To do -
Word for word, restate the data that follows, omitting the images.

Data -
--------------------
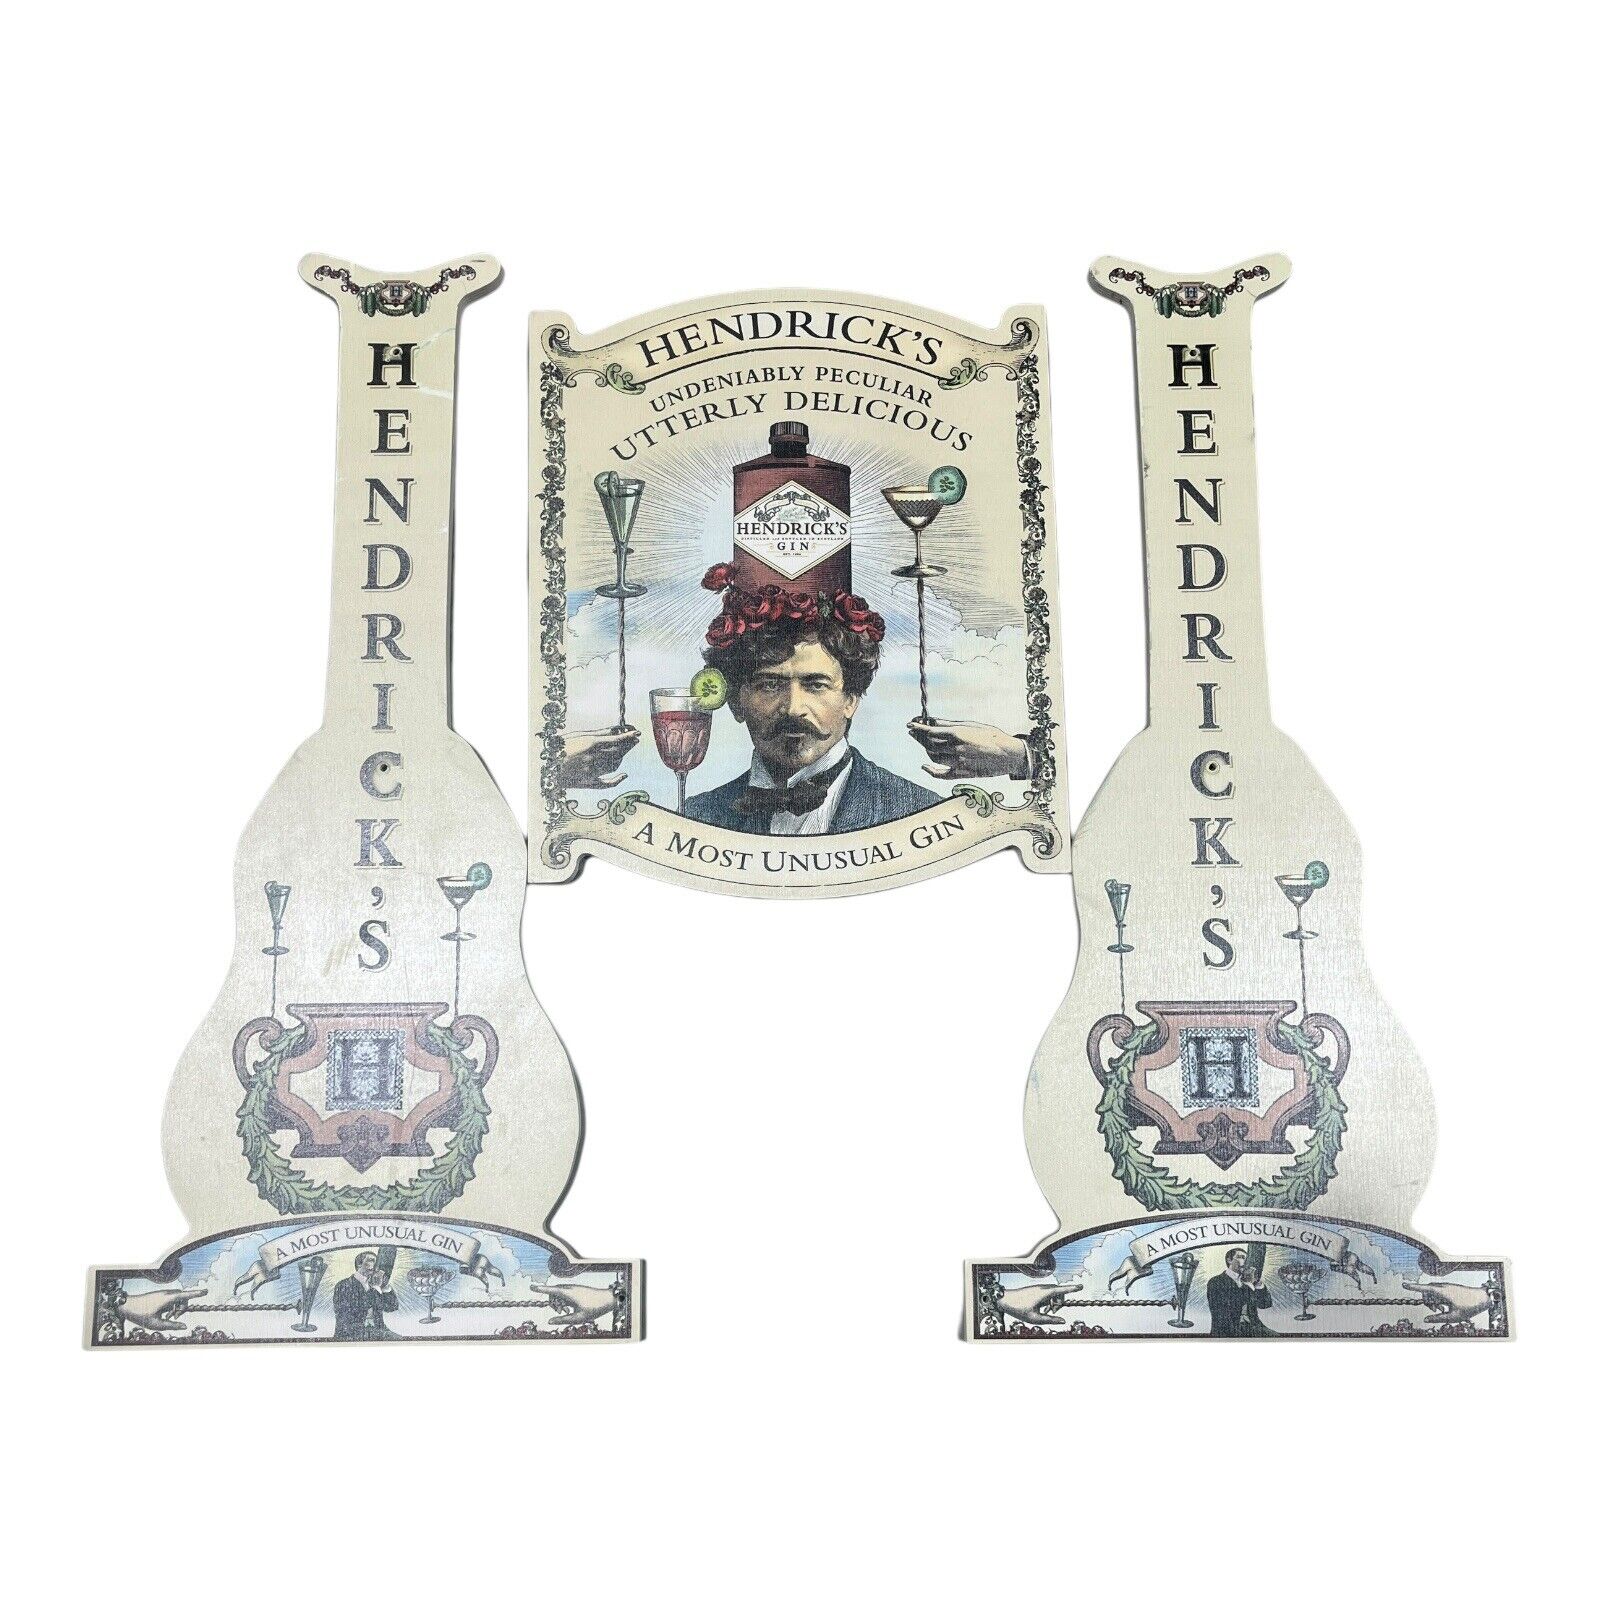 Rare Hendricks Gin Wooden Advertising Sign Man Cave Lot Of 3 High Quality Large
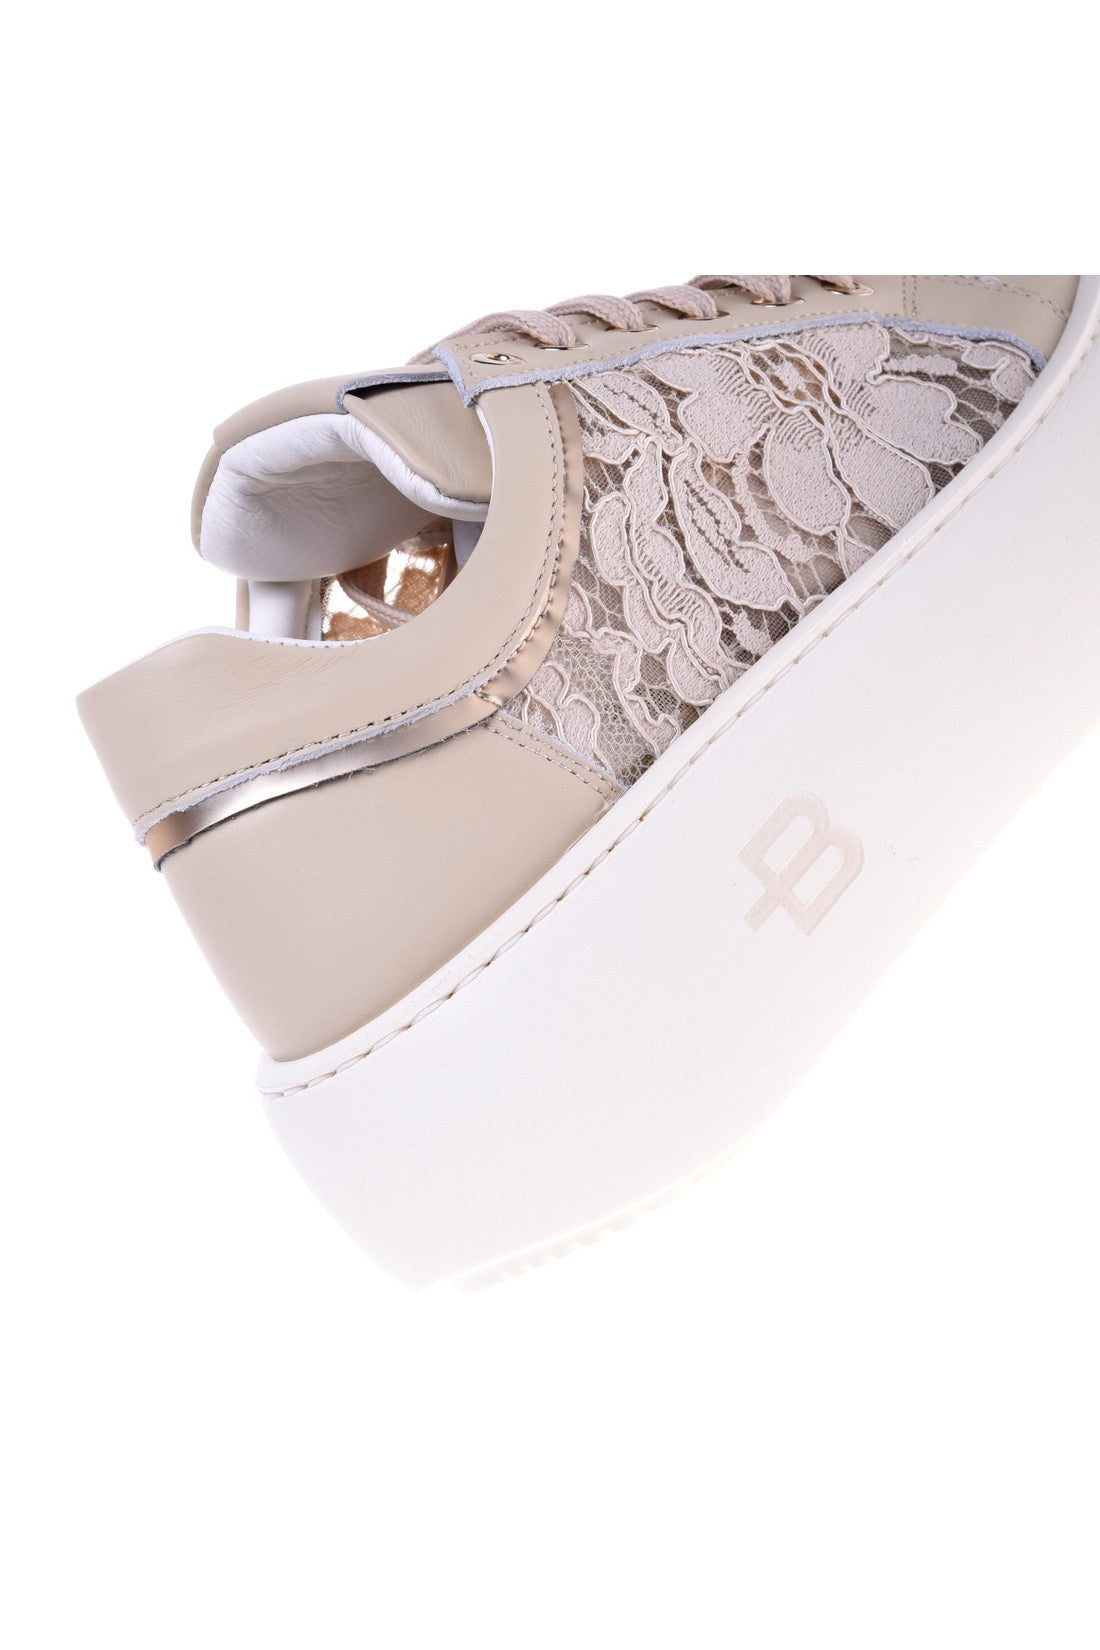 Sneaker in beige nappa leather and lace
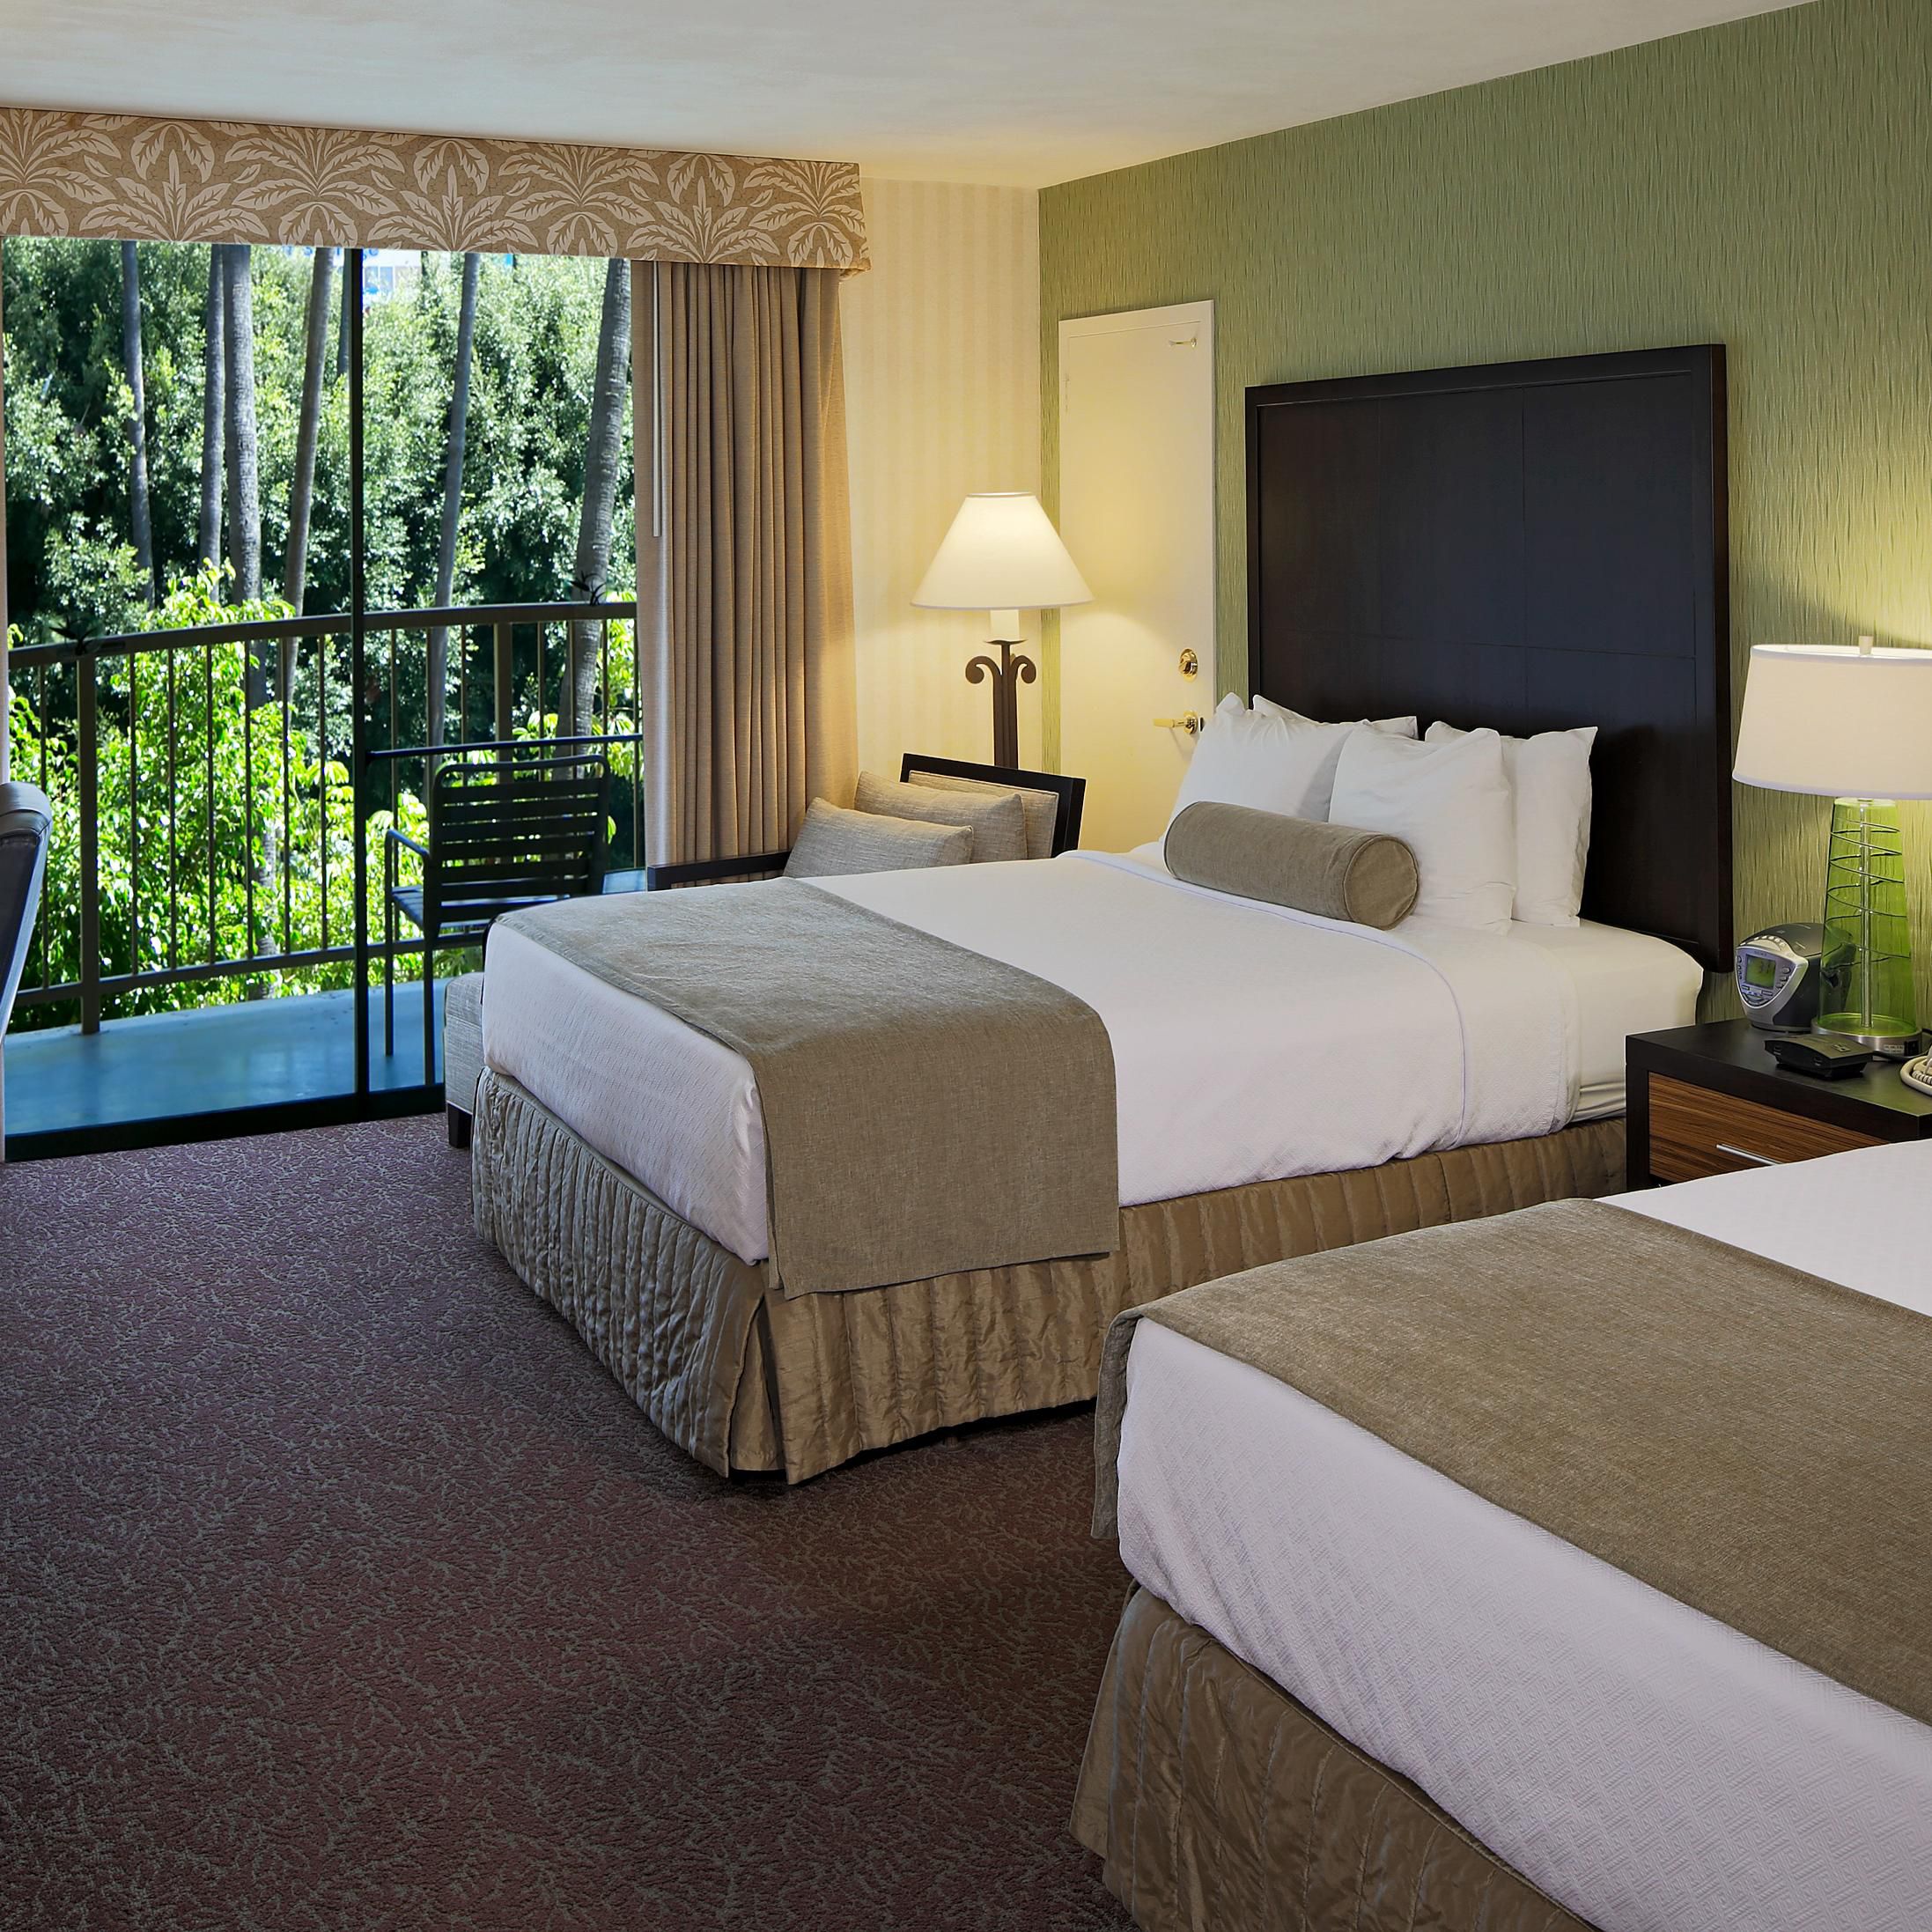 Our two queen bedded rooms are perfect for the family.
--------------------
Answer to this exercise -
 Rare Hendricks Gin Wooden Advertising Sign Man Cave Lot Of 3 High Quality Large
 Sneaker in beige nappa leather and lace
 Our two queen bedded rooms are perfect for the family.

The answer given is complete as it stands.